线段树是一种数据结构,主要针对于区间的查询与更新的快速操作

例如下面的问题:

假设有长度为10w的数组,定义两种操作:
- 查询区间[i,j]中所有元素的和
- 更新位置i上面的数字

方式1:

  • 如果每次查询都计算一遍,那么操作1的时间复杂度为O(n)

  • 插入的时间复杂度为O(1)

方式2:

保存数组前缀和

  • 每次查询只需要计算sum(j)-sum(i-1),时间复杂度为O(1)
  • 每次更新数字,就需要将包含这个数字的所有前缀和都更新出来,时间复杂度O(n)

由于上面两种方式的缺陷,因此使用一个折中的方式:线段树

image-20190928095504544

如上,假设现在有上面的一个数组,其中的元素如上所示

image-20190928095827298

采用上面的方式存储元素,每一个元素表示他所指向的下标范围中的数字之和

如何实现查询操作呢?

  • 例如实现查询[3,5]之间的和

image-20190928100749994

首先从根节点出发,查找[3,5]之间的和,发现分布在两个子树中,继续向下查找

直到需要查找的区间与当前节点代表的区间相同为止

  • 更新节点的值
arr[3]=8

image-20190928102438407

如上所示,我们只需要将区间包含3的更新即可

2、线段树的实现

不需要直接构建二叉树,而是利用数组的下标之间的关系保存

image-20190928103550478

例如,根节点的左右节点分别为:

left_node = 2 * node + 1
right_node = 2 * node + 2

直接利用这种关系保存即可

代码示例如下:

import math


class SegmentTree:
    def __init__(self, arr):
        self.arr = arr
        self.arr_length = len(arr)
        self.tree = [0] * self.get_seg_tree_length(self.arr_length)
        self.build_tree(0, 0, self.arr_length - 1)

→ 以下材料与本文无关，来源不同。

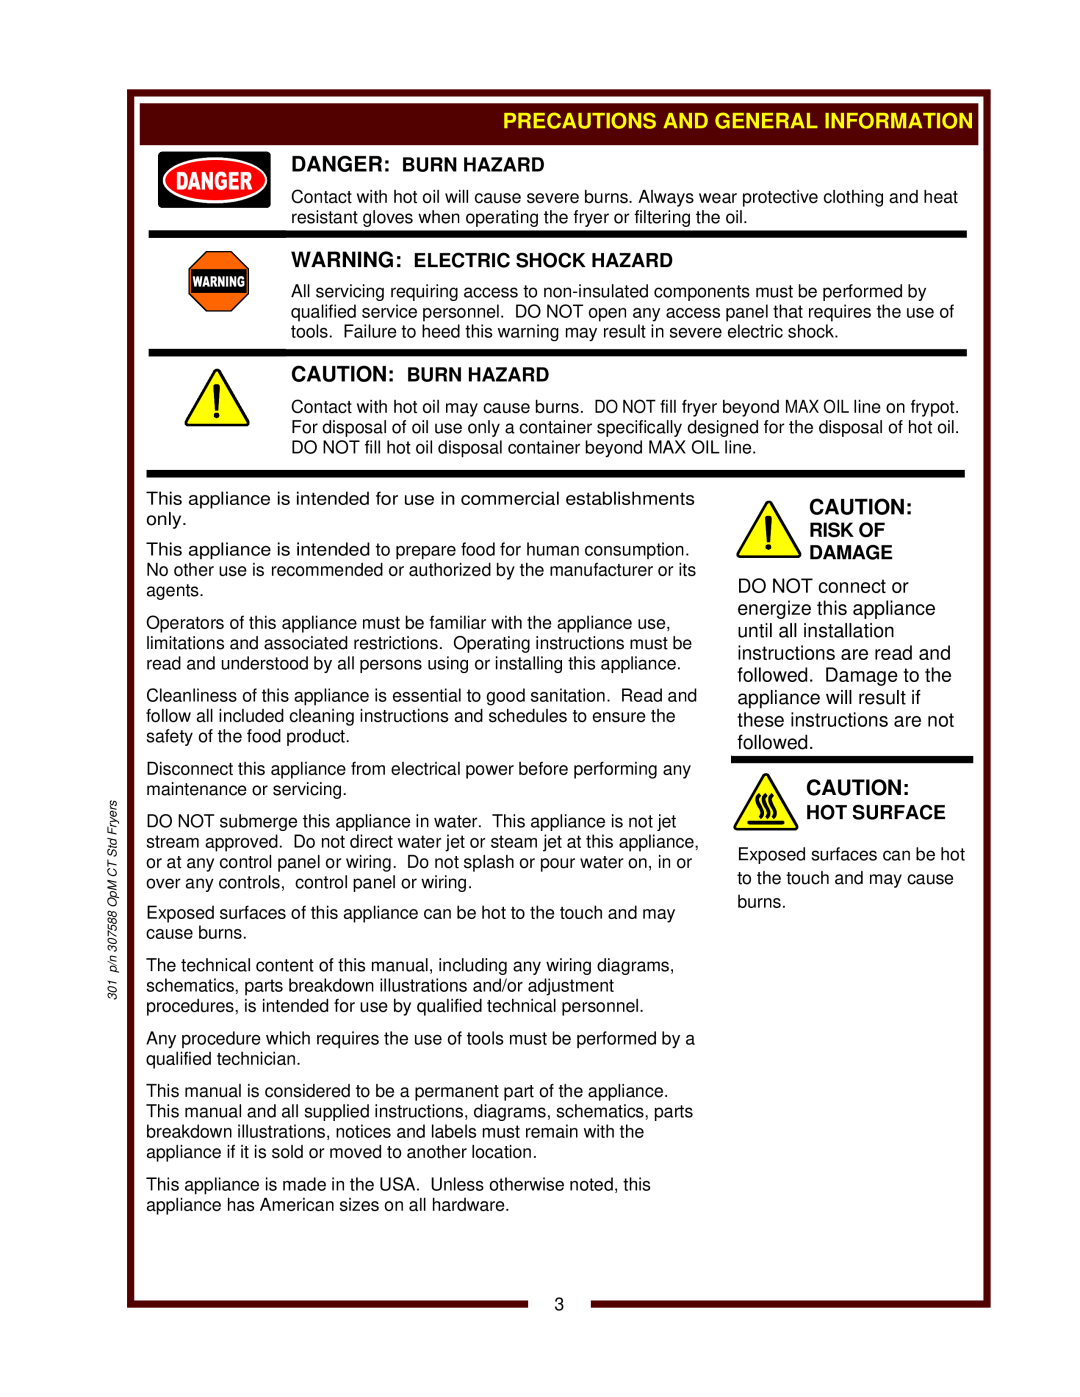 Wells F-14 Precautions And General Information, Danger Burn Hazard, Warning Electric Shock Hazard, Caution Burn Hazard

    def build_tree(self, node, start, end):
        if start == end:
            self.tree[node] = self.arr[start]
        else:
            mid = (start + end) // 2
            left_node = 2 * node + 1
            right_node = 2 * node + 2
            self.build_tree(left_node, start, mid)
            self.build_tree(right_node, mid + 1, end)
            self.tree[node] = self.tree[left_node] + self.tree[right_node]

    def query(self, left, right):
        return self._query_segment(0, 0, self.arr_length - 1, left, right)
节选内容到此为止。